Improving understanding of and feeling towards research in those on the receiving end…

I was motivated to write this piece by a recent encounter with an old acquaintance whom I hadn’t seen for some time. Naturally, before long, talk turned to work and how we were both getting on in our respective jobs. As I explained my current work situation, he revealed that his elderly mother is sadly suffering from cancer at the moment and was offered the opportunity by her consultant to take part in a trial, which she had accepted. In itself, this didn’t present a particularly remarkable situation: this happens frequently worldwide. What has got me thinking, though, is what my friend spoke about afterwards.

The overwhelming feeling that he had was one of confusion and uncertainty, albeit hidden from his mother. He couldn’t tell me very many details at all about the trial; not because he had forgotten them but because he simply hadn’t been given a huge amount of information in the first place. Whilst there are variations, inconsistencies and human individuality in the way one doctor will operate compared to the next, it suddenly struck me that this could be an internal struggle faced by many relatives, friends and subjects themselves when faced with the world of clinical research. My friend had stoically placed his trust in the medical team and their years of training and experience as they undertook the care of his mother, without ever taking the time to satisfy his urge to know exactly what it is that this trial entailed and, more broadly, how wider clinical research is generally conducted.

At a time when we frequently hear how stretched our health system is and, indeed, see evidence of this stretching, it may seem naïve to suggest that there should be more done by medical staff in a world in which so much is expected of them as it is. I would prefer to think of these words more as philosophical musings than the outright identification of a potential problem and a clear-cut solution. I fear I can offer no answers as I haven’t entirely made up my mind as to the issue at hand, if there is one at all. Perhaps it is best that the professionals tasked with the running of these trials are left to do so without too many clued-up relatives sniffing around as they work? On the other hand, I surmise that resources to highlight the process of a trial right from conception to delivery would improve the relationship between patients, patients’ associates and the medical staff.

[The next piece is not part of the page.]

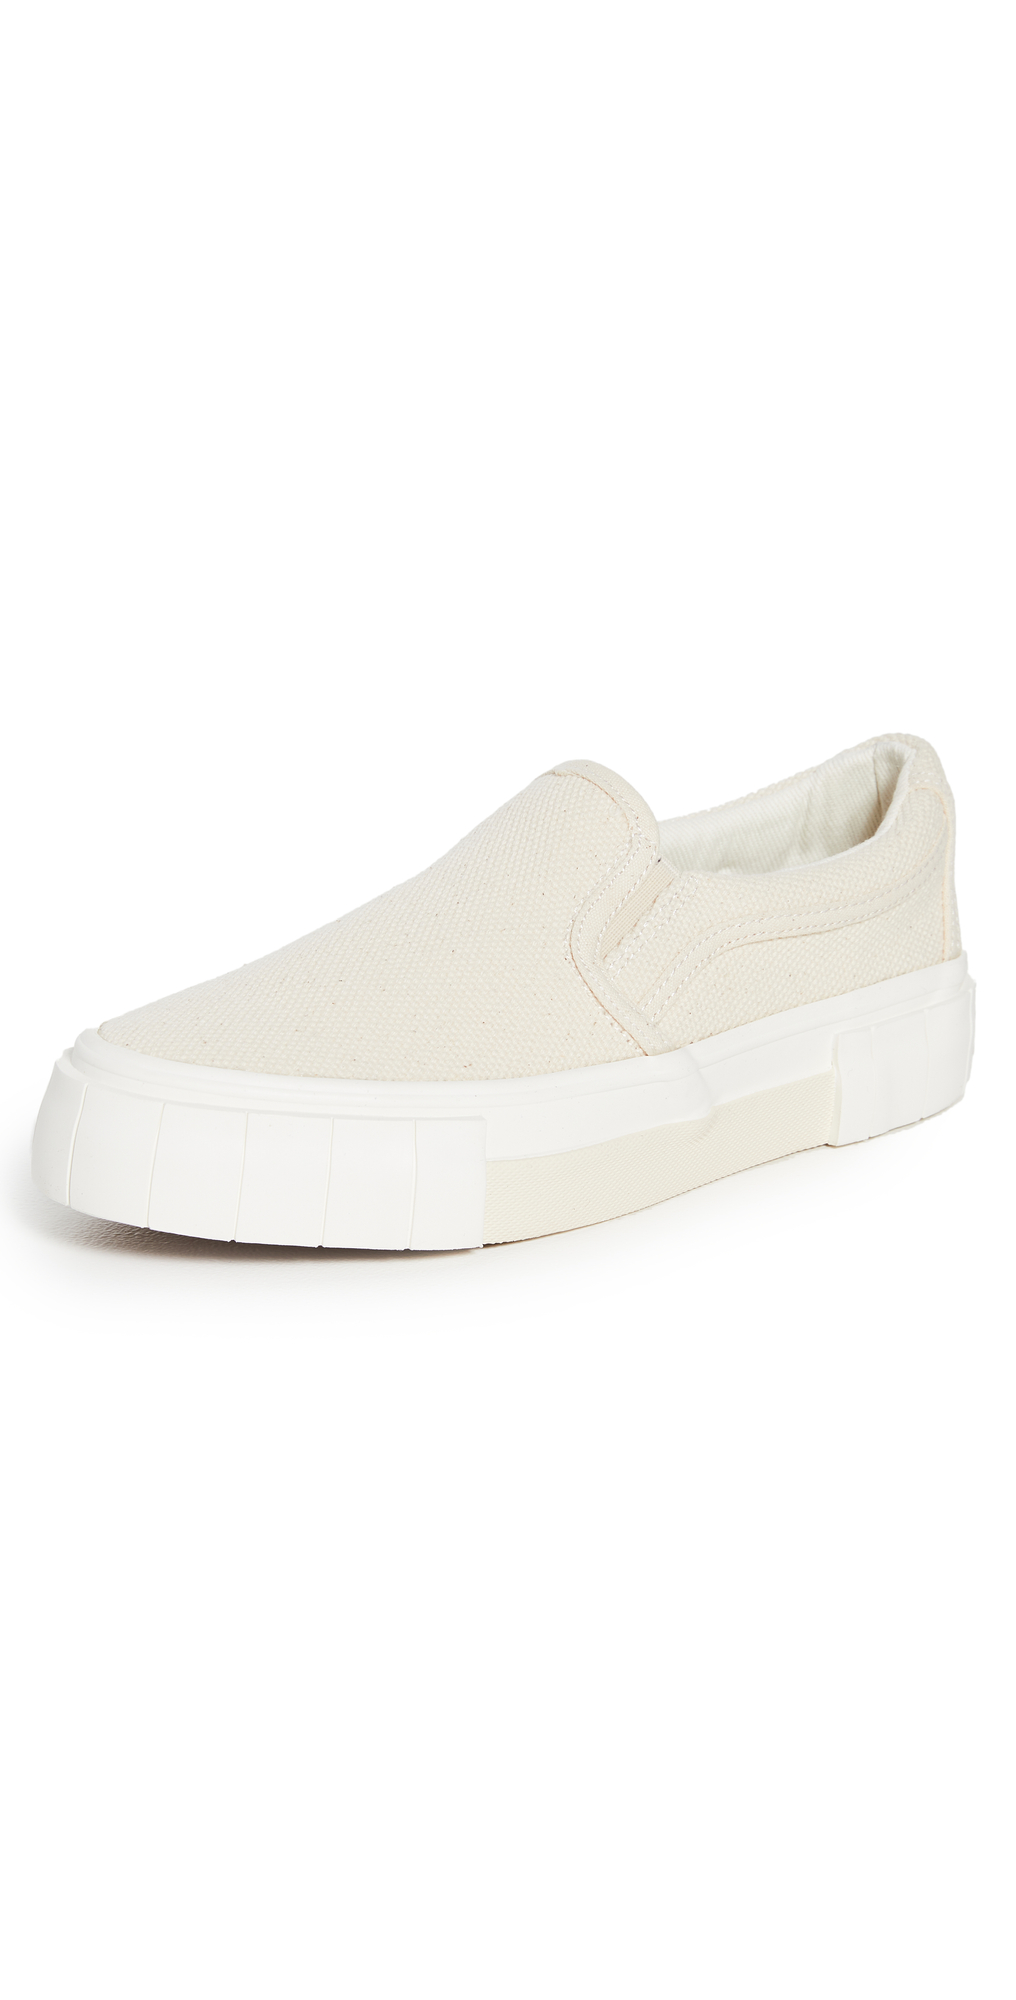 Yess Slip On Sneakers

Based on this conversation with my friend, a useful move towards demystifying clinical research would be a resource to clear up how trials come about and how new products are taken to market. He wasn’t unique in not even knowing about the existence of CROs, let alone what we do. Few people are ignorant enough to believe that pharmaceutical companies just deliver new drugs to hospitals and ask that they are prescribed, but it is unlikely that many people think about just how clinical research is delivered in the real-world. The majority of society is prepared to take many readily available medicines for a variety of ailments without stopping to think about how these drugs were developed. Something as commonplace (and perceived as very safe by virtue of its popularity) as paracetamol was once a new drug with an uncertain future. A one-stop resource explaining how clinical research is generally conducted would, I think, make for a more relaxed and confidence-inspiring experience for those at the receiving end and their friends and family.